ENEWS, WAJO ••》Pelaksanaan Program Makan Bergizi Gratis (MBG) di Kabupaten Wajo menuai sorotan. Roti kemasan yang dibagikan dalam paket MBG disebut tidak mencantumkan kode produksi, tanggal kedaluwarsa, izin edar, hingga label halal.
Program MBG bertujuan memenuhi kebutuhan gizi anak guna mendukung tumbuh kembang dan menekan angka stunting. Namun di lapangan, menu yang dibagikan menjadi perbincangan publik, khususnya pada Bulan Suci Ramadan.
Risman, salah satu pihak yang menyoroti program tersebut, menyebut roti kemasan yang dibagikan tidak jelas asal-usulnya.
“Roti kemasan yang dibagikan pada paket MBG tidak diketahui muaranya, tidak tertuang nama perusahaan yang mengelola, tidak ada tanggal pembuatan dan tanggal kedaluwarsa serta tidak ada label halal,” ujarnya kepada Enews Indonesia, Jumat (27/2/2026).
Ia meminta SPPG selaku pelaksana lebih cermat dalam memastikan legalitas dan kelayakan produk sebelum didistribusikan kepada anak-anak.

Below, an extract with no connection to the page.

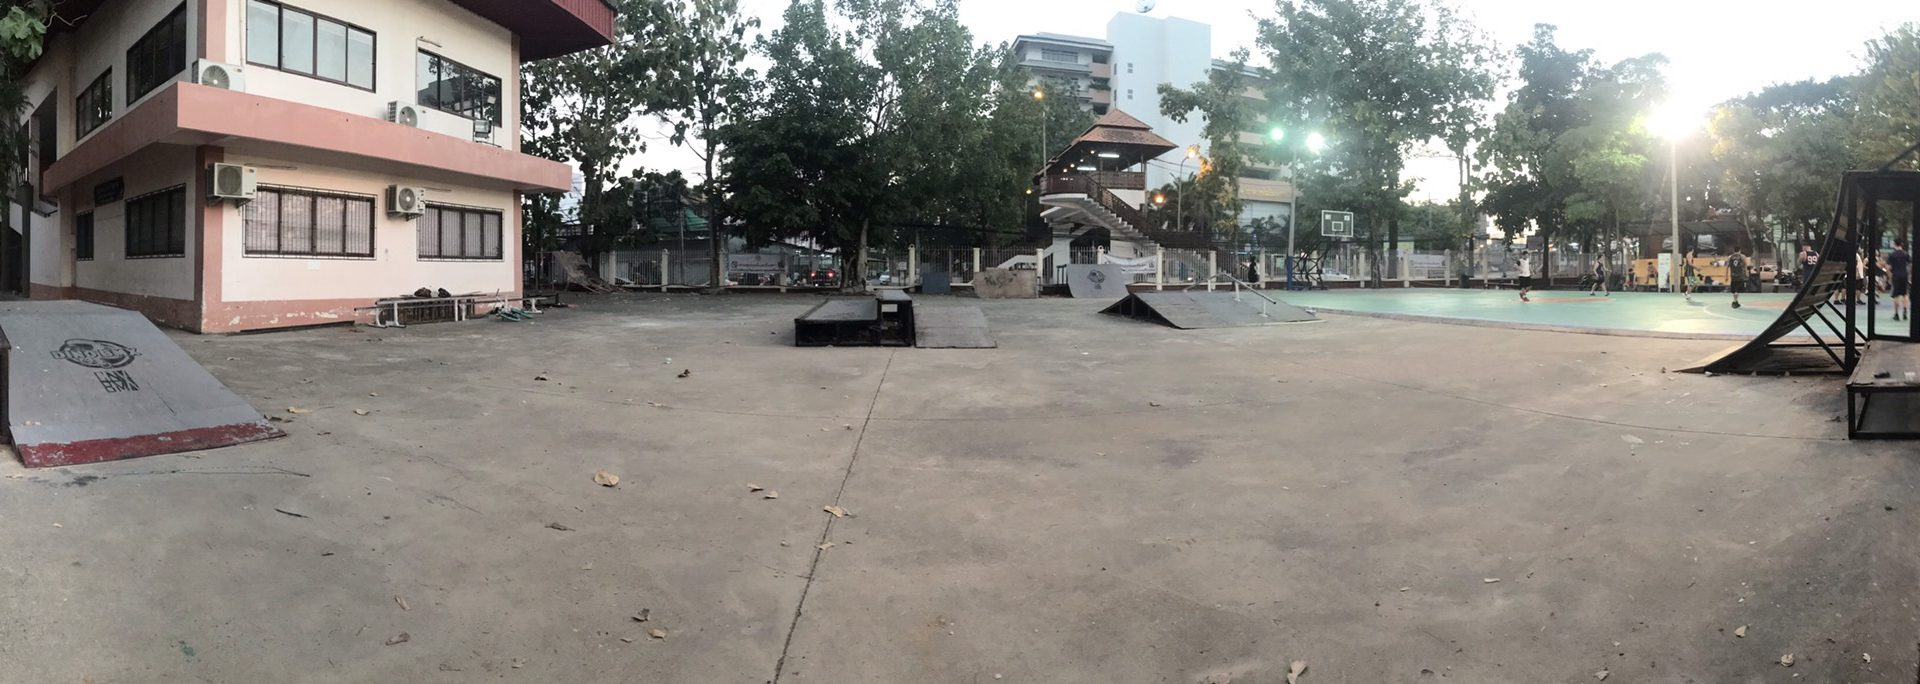 Muang Chiang Mai Stadium BMX Park Bikezilla

Menurutnya, setiap pangan olahan yang dikemas dan diperdagangkan wajib memiliki izin edar, baik PIRT untuk industri rumah tangga maupun izin BPOM RI MD/ML untuk industri skala besar.
Mengacu pada regulasi, kemasan roti wajib mencantumkan nama produk, komposisi, berat bersih, nama dan alamat produsen, kode produksi, tanggal kedaluwarsa, serta nomor izin edar.

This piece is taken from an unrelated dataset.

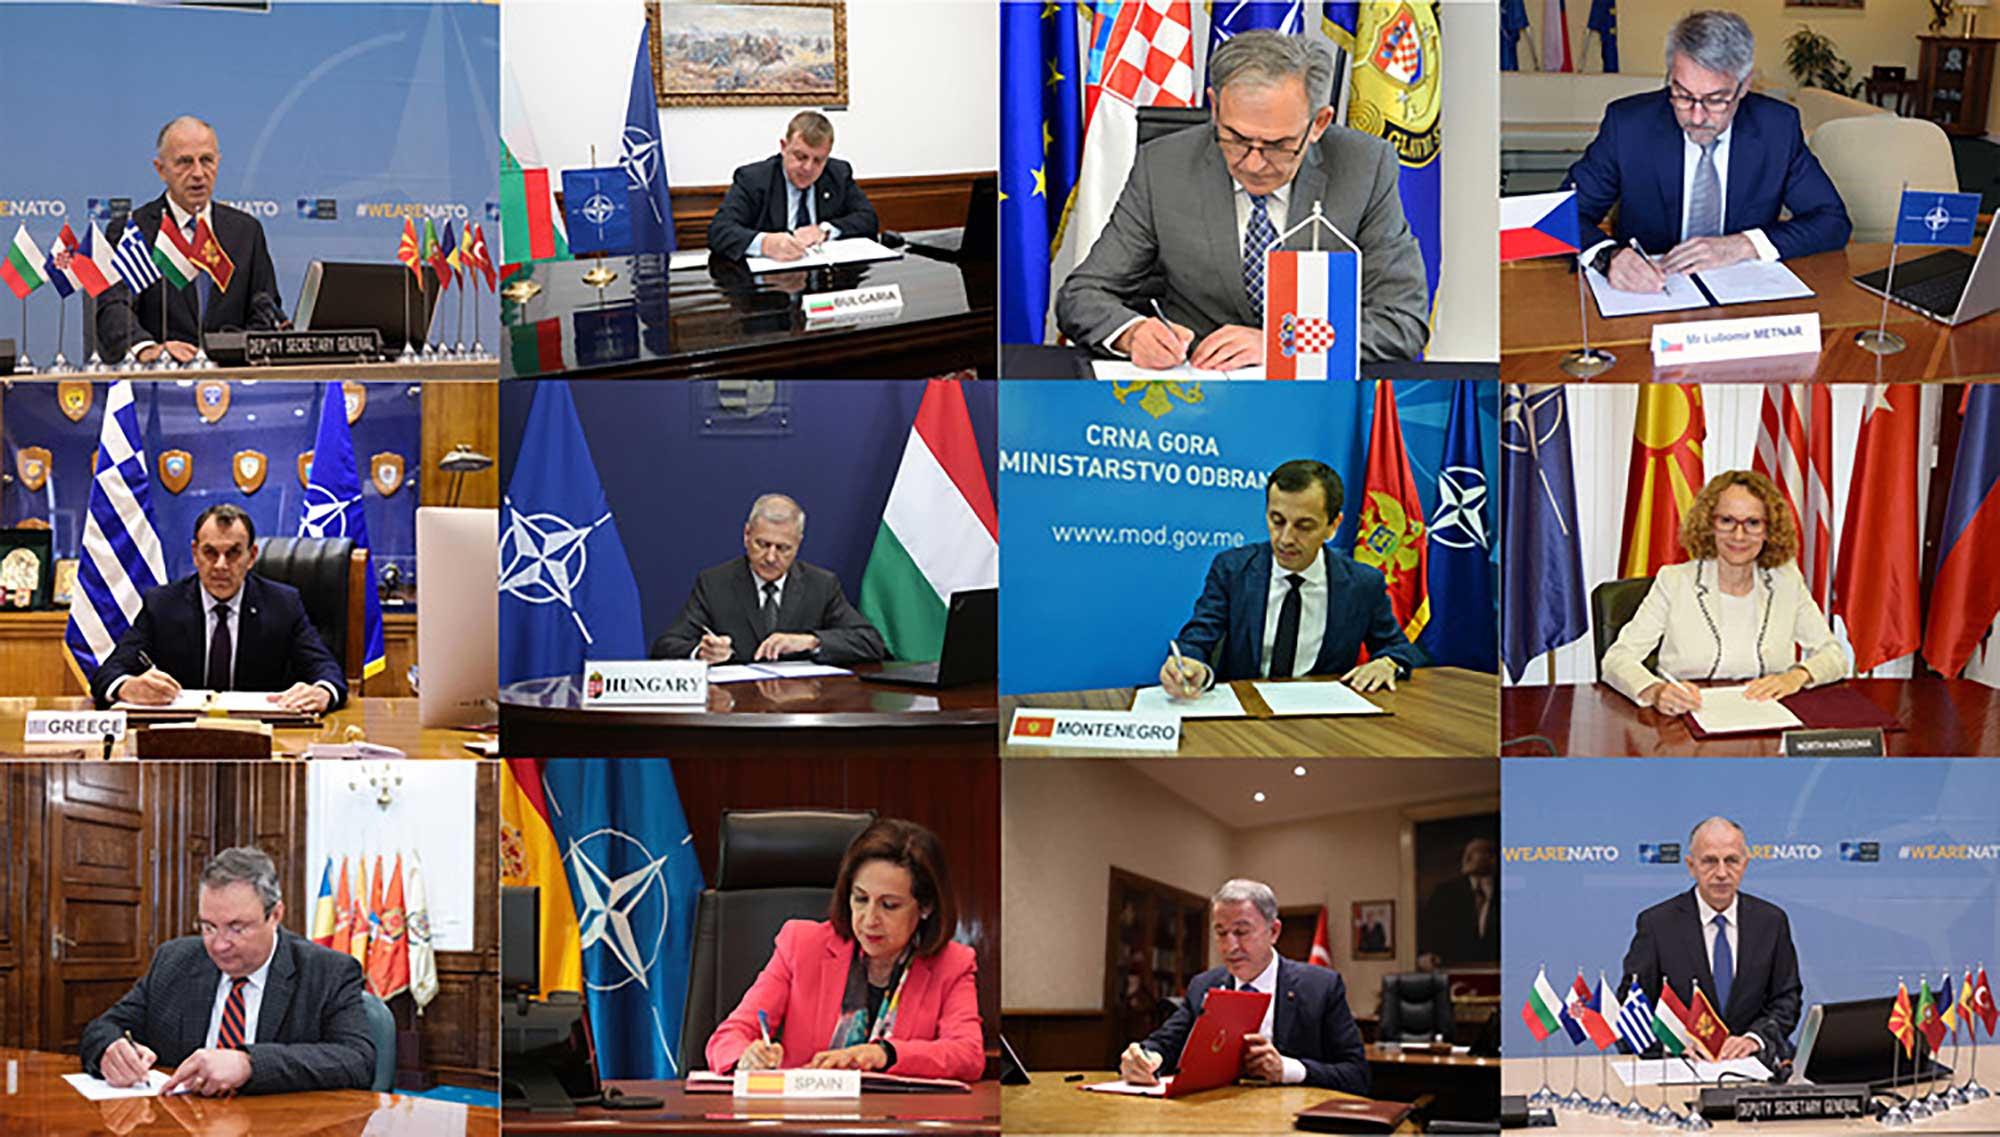 NATO ministers

Selain itu, berdasarkan UU Nomor 33 Tahun 2014, produk pangan yang beredar di Indonesia wajib bersertifikat halal, kecuali secara jelas dinyatakan tidak halal.

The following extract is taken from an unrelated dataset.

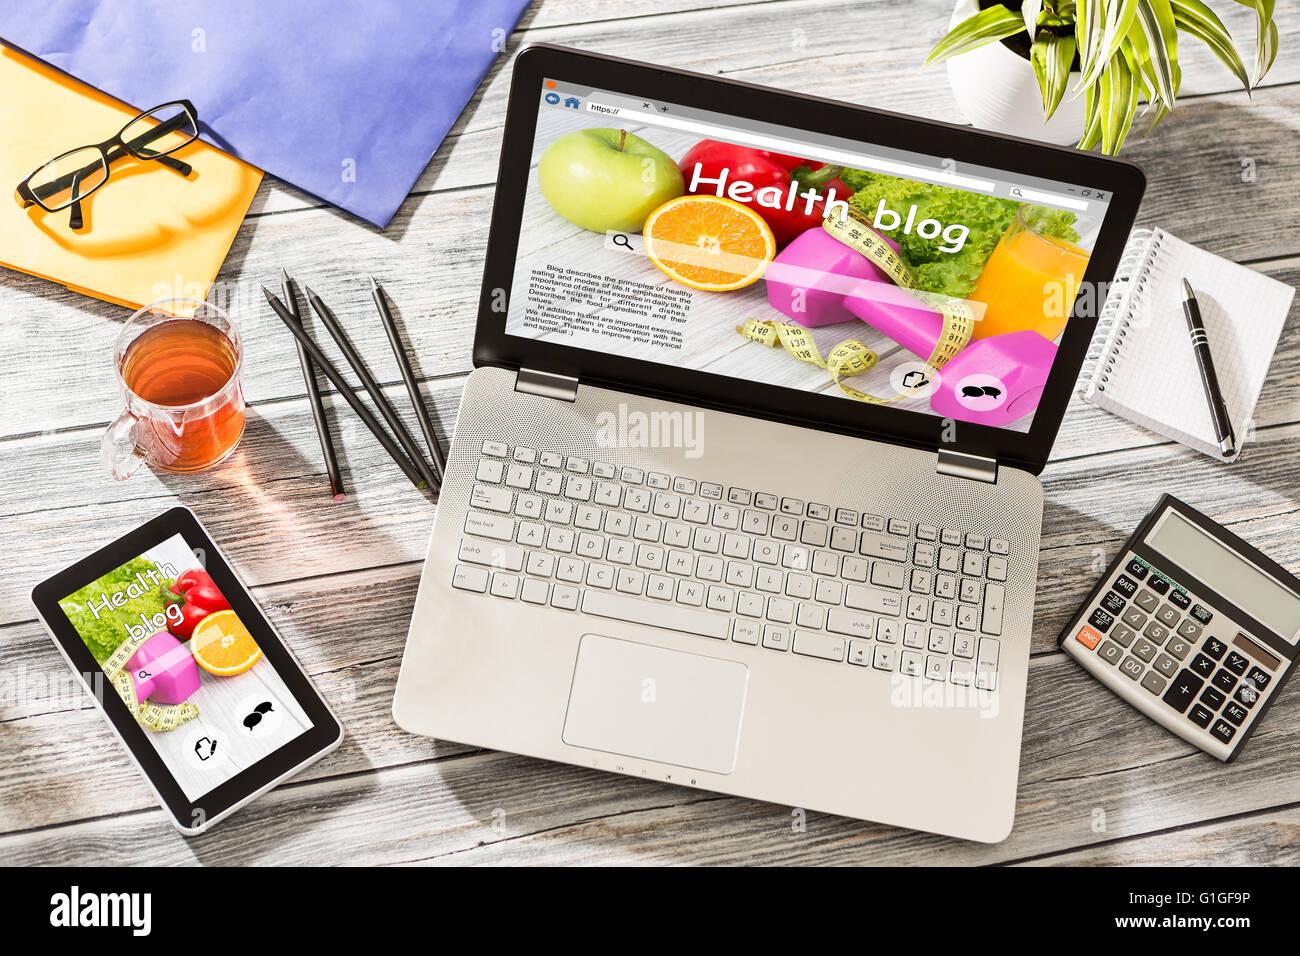 Blog Weblog Media Digital Social Dictionary Online Concept - Stock Image - Stock Image

Risman juga menegaskan pentingnya keamanan bahan kemasan sesuai ketentuan PerBPOM Nomor 20 Tahun 2019, yang mengatur bahwa bahan kemasan pangan tidak boleh melepaskan zat berbahaya dan harus memenuhi standar keamanan pangan.
Hingga berita ini diturunkan, belum ada keterangan resmi dari pihak SPPG terkait sumber dan legalitas roti kemasan yang dibagikan dalam program MBG tersebut.